When the bombers got back to their base, the steel cylinders were taken from the racks and shipped back to the United States of America, where factories were operating night and day, dismantling the cylinders, separating the dangerous contents into minerals. Touchingly, it was mainly women who did this work. The minerals were then shipped to specialists in remote areas. It was their business to put them into the ground, to hide them cleverly, so they would never hurt anybody ever again.

– Slaughterhouse-Five (1969)

Roses are red,
And ready for plucking,
You’re sixteen,
And ready for high school.

– Breakfast of Champions (1973)

Love is where you find it. I think it is foolish to go around looking for it, and I think it can be poisonous. I wish that people who are conventionally supposed to love each other would say to each other, when they fight, ‘Please—a little less love, and a little more common decency’.

– Slapstick (1976)

The most embarrassing thing to me about this autobiography, surely, is its unbroken chain of proofs that I was never a serious man. I have been in a lot of trouble over the years, but that was all accidental. Never have I risked my life, or even my comfort, in the service of mankind. Shame on me.

– Jailbird (1979)

My wife has been killed by a machine which should never have come into the hands of any human being. It is called a firearm. It makes the blackest of all human wishes come true at once, at a distance: that something die.

That is evil for you.

We cannot get rid of mankind’s fleetingly wicked wishes. We can get rid of the machines that make them come true.
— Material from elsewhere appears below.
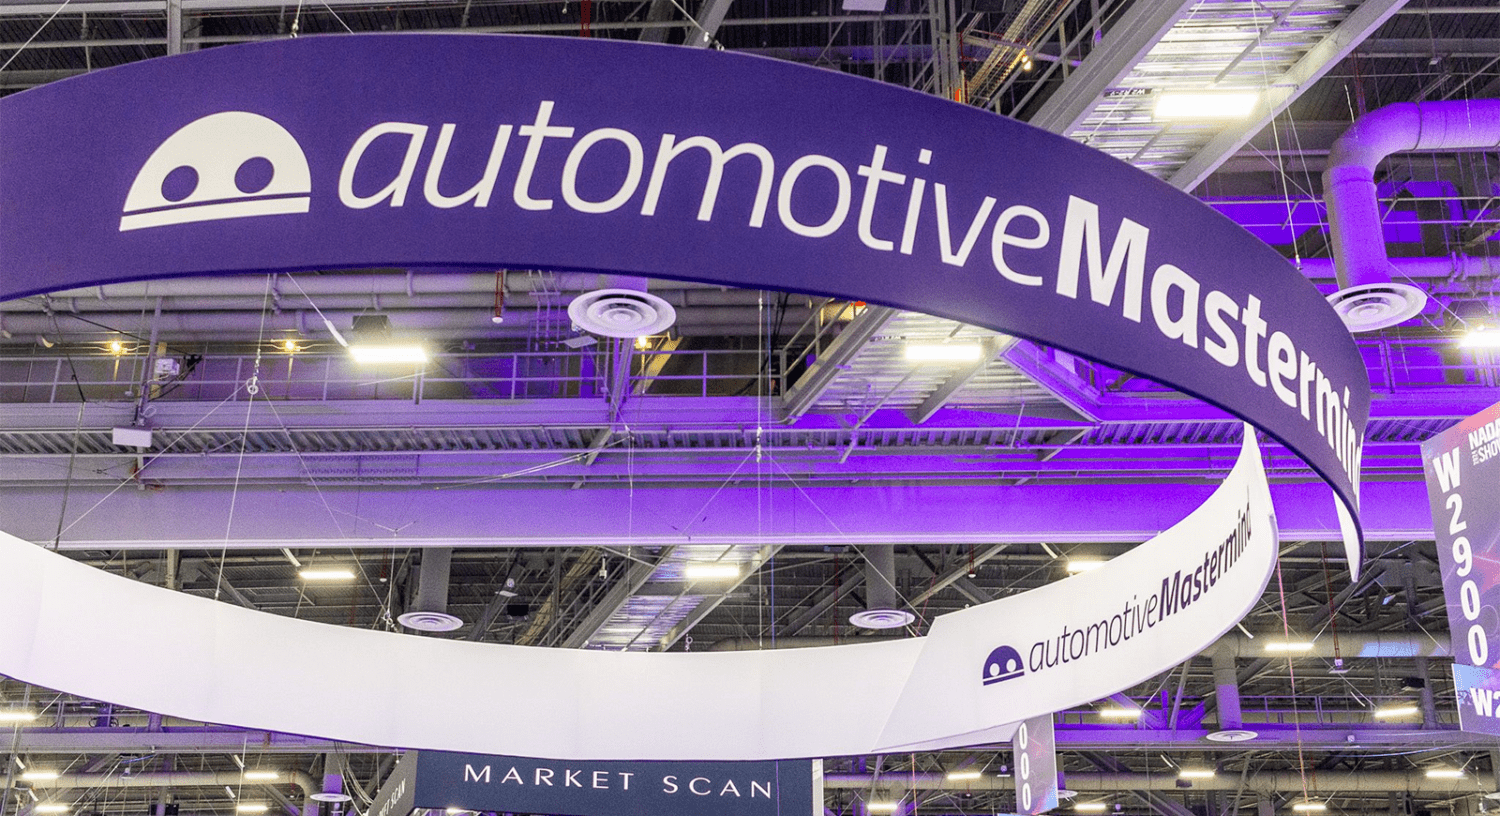 automotiveMastermind announced a strategic integration partnership with CarNow, marking a significant step to enhance the consumer experience

I give you a holy word: DISARM.

– Deadeye Dick (1982)

So long, old pal. You’re going to a different world now. It’s sure to be a better one, since no other world could be as bad as this one is.

– Galápagos (1985)

Paul Slazinger says, incidentally, that the human condition can be summed up in just one word, and this is the word: Embarrassment.

– Bluebeard (1987)

Our children, full-grown now, can never forgive us for reproducing. What a mess.

– Hocus Pocus (1990)

Pictures are famous for their humanness, and not for their pictureness.